Overtraining or Just a Bad Day?

I’ve been pushing myself like an animal, doing a push/pull/leg routine for 3.5 solid months, training every other day.

Numbers increased dramatically, diet is in order, been on a roll, etc. Life was good.

Some problems in the past week though:

Squat session: sharp pain in my right quad, chalked it up to an unbalanced bar and just kept pushing.

Really bad DOMS in my chest and painful cramps in my left calf – woke me up a couple times while sleeping.

Left rotator cuff screwed up, just noticed today while stretching.

I’ve felt pretty drained physically the past week, a lot more than usual, but haven’t lost motivation to hit the gym whatsoever.

However, tonight I completely missed a DL for three plates (Which I normally can hit for reps all day long), took it down to 275 and couldn’t get it off the ground. Had to drop all the way to two plates and still struggled.

Everything else went to hell, like my strength just disappeared overnight. I stopped about 20 minutes into the session and went home.

Usually my training is periodically interrupted: business trips, pesky girlfriends dragging me on vacation, etc. I’ve been running straight without missing a beat, maybe its taken a toll?

No issues in my personal life either.

I’d really HATE to take time off: keep going for another week? Stop now? Kinda obsessed with lifting weights (like a crack addict, just can’t quit), what do you guys think?

i know the feeling of taking time off, but it might be an idea to just drop it off for a week, if you need to do something just do some bodyweight stuff.

I’d probably say that you need to listen to your body. If your lifts are getting messed up, your body is starting to constantly feel run down, or you start losing your training edge, it’s possible you may need to take a week or so off. It never hurt anyone, and you can’t (won’t) lose any strength or muscle in that time. If your body doesn’t feel up to par, take it easy until it does.

There’s no downside to some extra rest. Take a week off. You wont lose any size and I bet your strength increases as well.

Plus, if you get really hurt and can’t train because of it, you’ll REALLY be pissed.

lol…he invoked a crack addict, and a pothead (SSC) showed up.

This sounds very weird though. If you can rep 315 (that i assume most men can after a year of good training) and couldn;t budge 275 with the same training program, I would be really worried.
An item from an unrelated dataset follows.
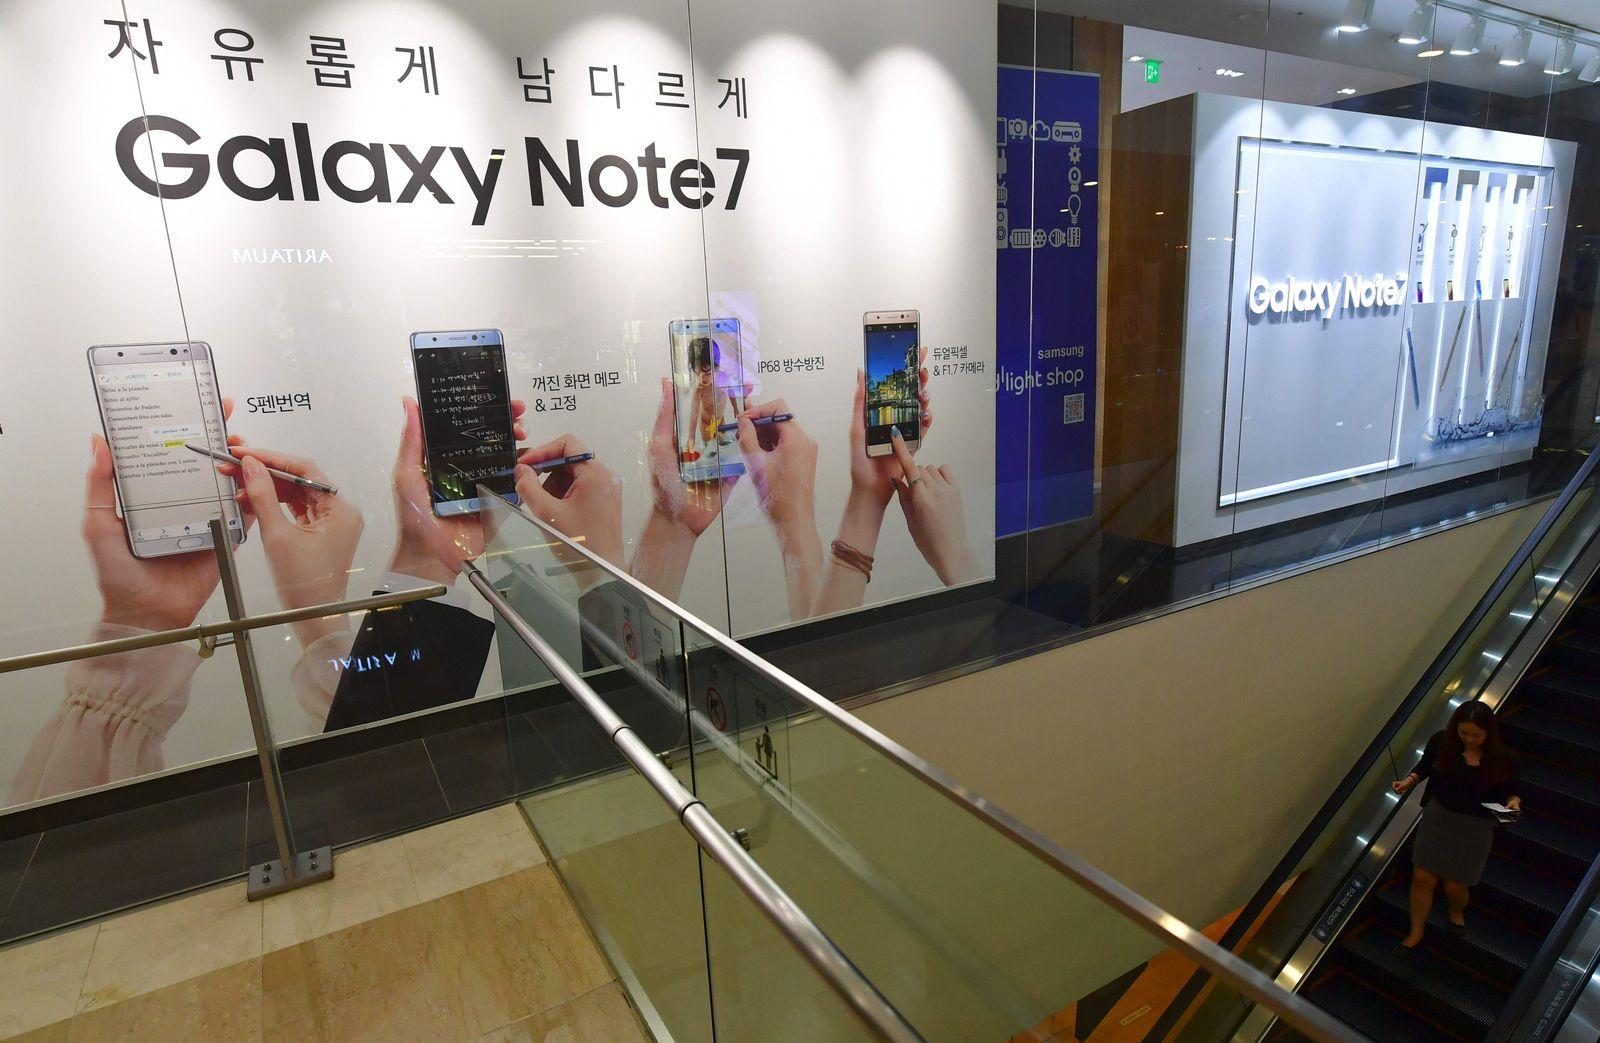 Galaxy Note7 / Samsung

That sharp pain in the quad is not good news either.

[quote]SSC wrote:
I’d probably say that you need to listen to your body. If your lifts are getting messed up, your body is starting to constantly feel run down, or you start losing your training edge, it’s possible you may need to take a week or so off. It never hurt anyone, and you can’t (won’t) lose any strength or muscle in that time. If your body doesn’t feel up to par, take it easy until it does.[/quote]

I recently was forced to take a week off due to very painful tendons around my knees and my left elbow…but here’s what I did so that I could still be in the gym doing SOMETHING productive, because I too am obsessed.

I would go every day for the the week I took off (M-F) and I did nothing but grip strengthening work, calf exercises, and abdominal/core work.

I did that 5 days in a row, just picked different things to do each day. It kept me in that going to the gym strait from work groove and helped me stay semi sane. By thursday/friday though I was getting very irritated that I couldn’t lift any weight for real though, lol.

Thanks for the input guys, stepping back for a moment and really thinking about things changed my perspective.

Definitely time for a mini vacation. Training heavy to failure for this long really delivered a beating – like a bunch of unpaid parking tickets, its finally caught up to me.

Upside? Plenty of time to pinch plates, read up on T-Nation AND be 100% refreshed.

Ahhh yes, plate pinches. I did those every day for my 5 days off. Among many other things including wrist curls, farmer’s walks, etc. Got boring doing nothing but that after several days, but I actually saw a 1/4" increase on my forearms in just the like 3 weeks since then. (that week off is when I decided to start directly training forearms and calves, hadn’t been doing them at all). Saw a 1/2" increase in my calves too. Those measurements are compared to measurements that were taken about 2 months prior.